Please continue to pray for us as a team. We’re all affected by the earthquakes ourselves. We’re tired, very tired, and worried about our families, our friends and ourselves.

Extra information:

Based on what we heard from the staff of our partner organisation in Syria, thousands of persons slept in church buildings last night in Syria. Many houses and apartments aren’t safe anymore to live in or people don’t feel comfortable sleeping there because of all the aftershocks of the earthquake that hit Syria.

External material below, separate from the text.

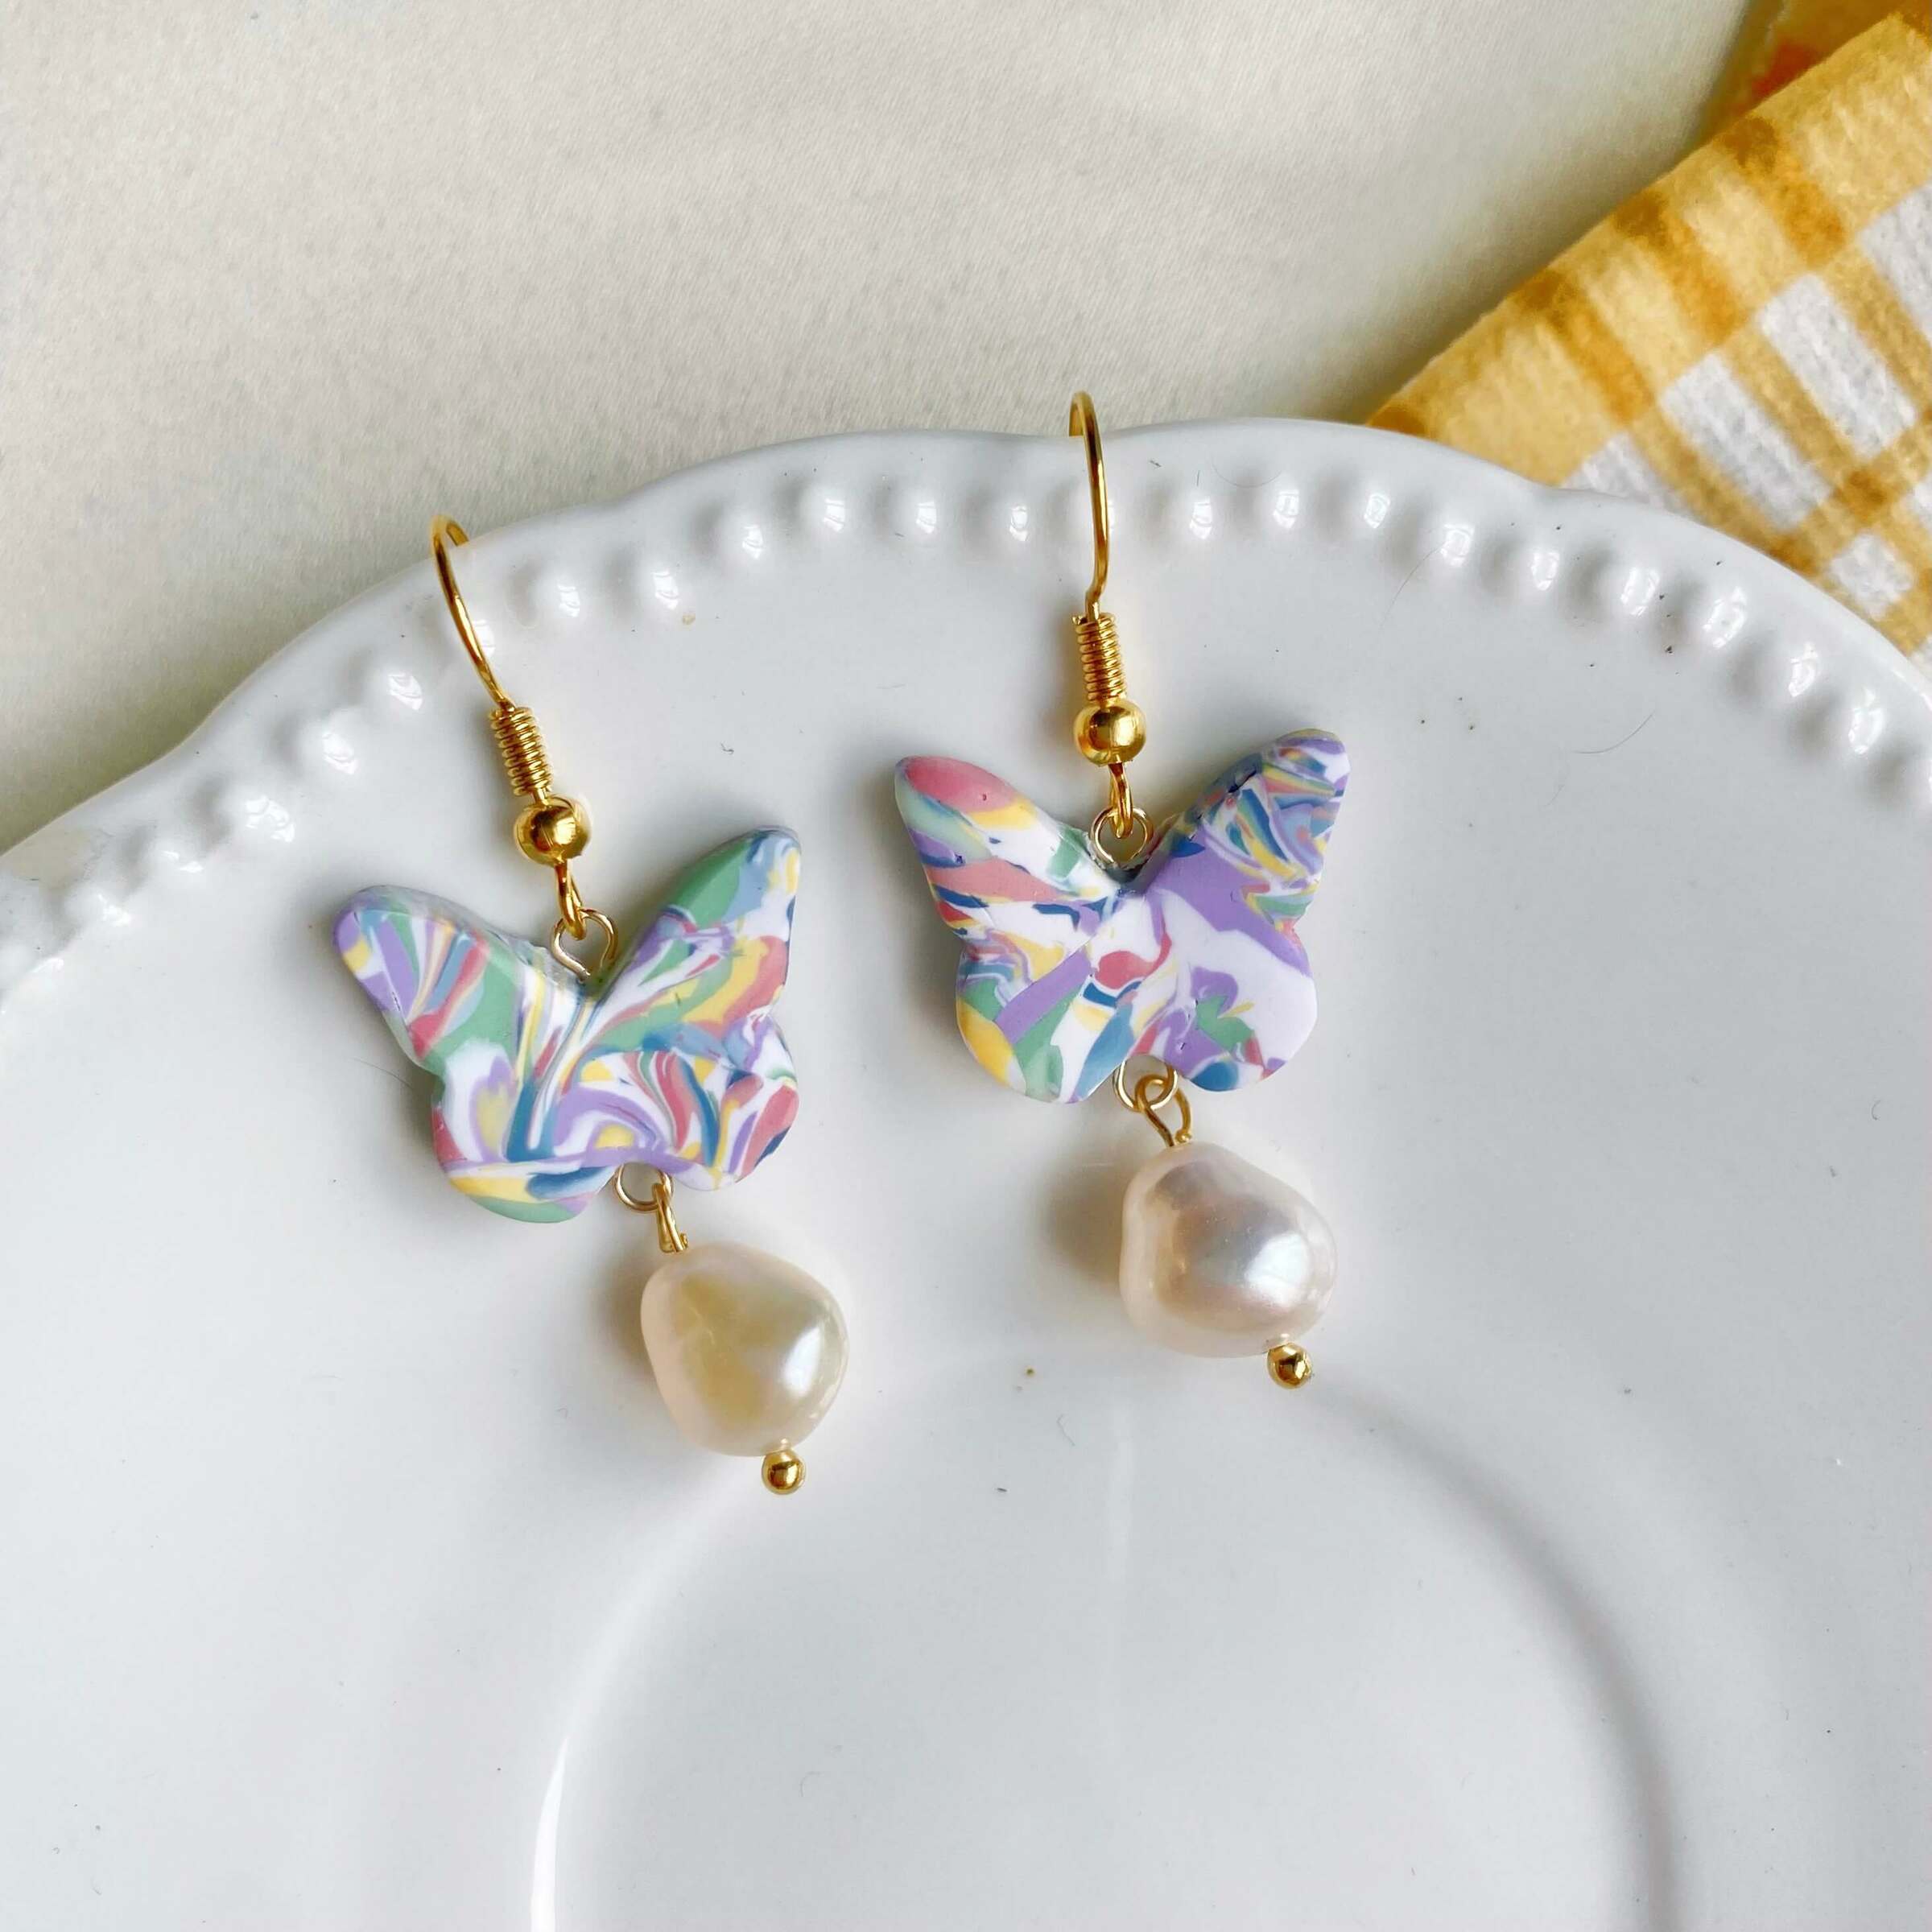 068-10 Zephyr Butterflyt Hook Clay Earrings with Feshwater Pearls.jpg
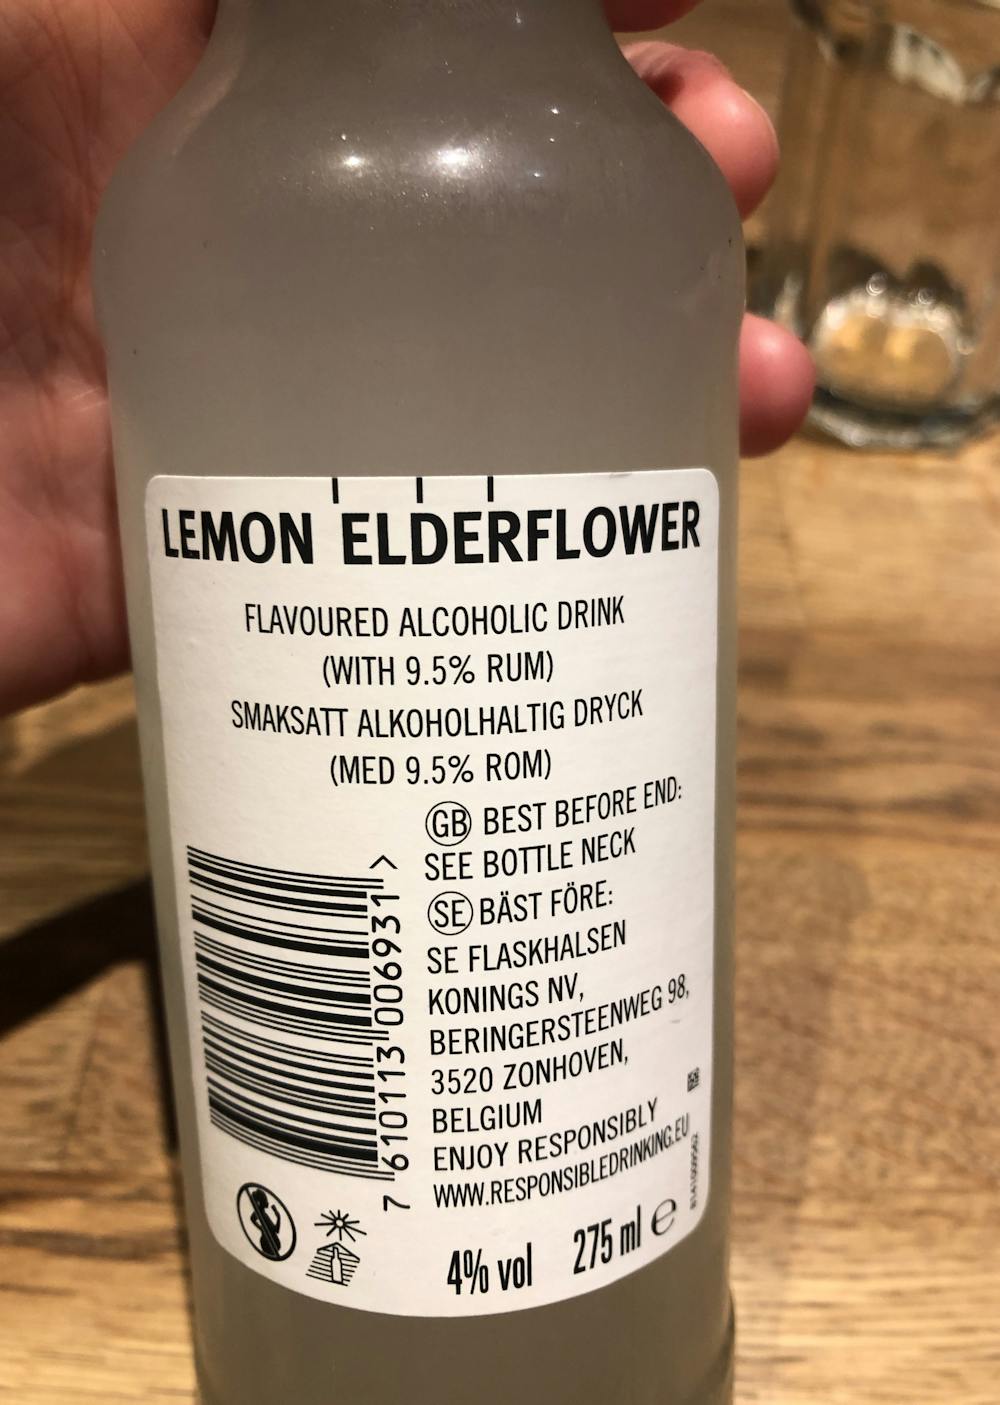 Ingredienslisten til Breezer, Lemon elderflower, Hansa Borg bryggeri

Open Doors is supporting our partner organisation to offer shelter to people in churches. We provided people with food, blankets and mattresses in some places. We are still assessing the needs of the churches and the Christian communities to decide on possible next steps. We already call for people to donate for relief items for Syria and for our Centers of Hope in Syria.

Of course, we also call for prayer for the situation in Syria and Turkey. Pray that the Lord will guide the staff in what to do, and how to help. But also pray to God for the staff themselves, as they are victims of the earthquake too, as they are as tired as all the other people after this disaster.

Prayer points:

Pray that the Lord will guide the staff in what to do, and how to help. But also pray to God for the staff themselves, as they are victims of the earthquake too, as they are as tired as all the other people after this disaster.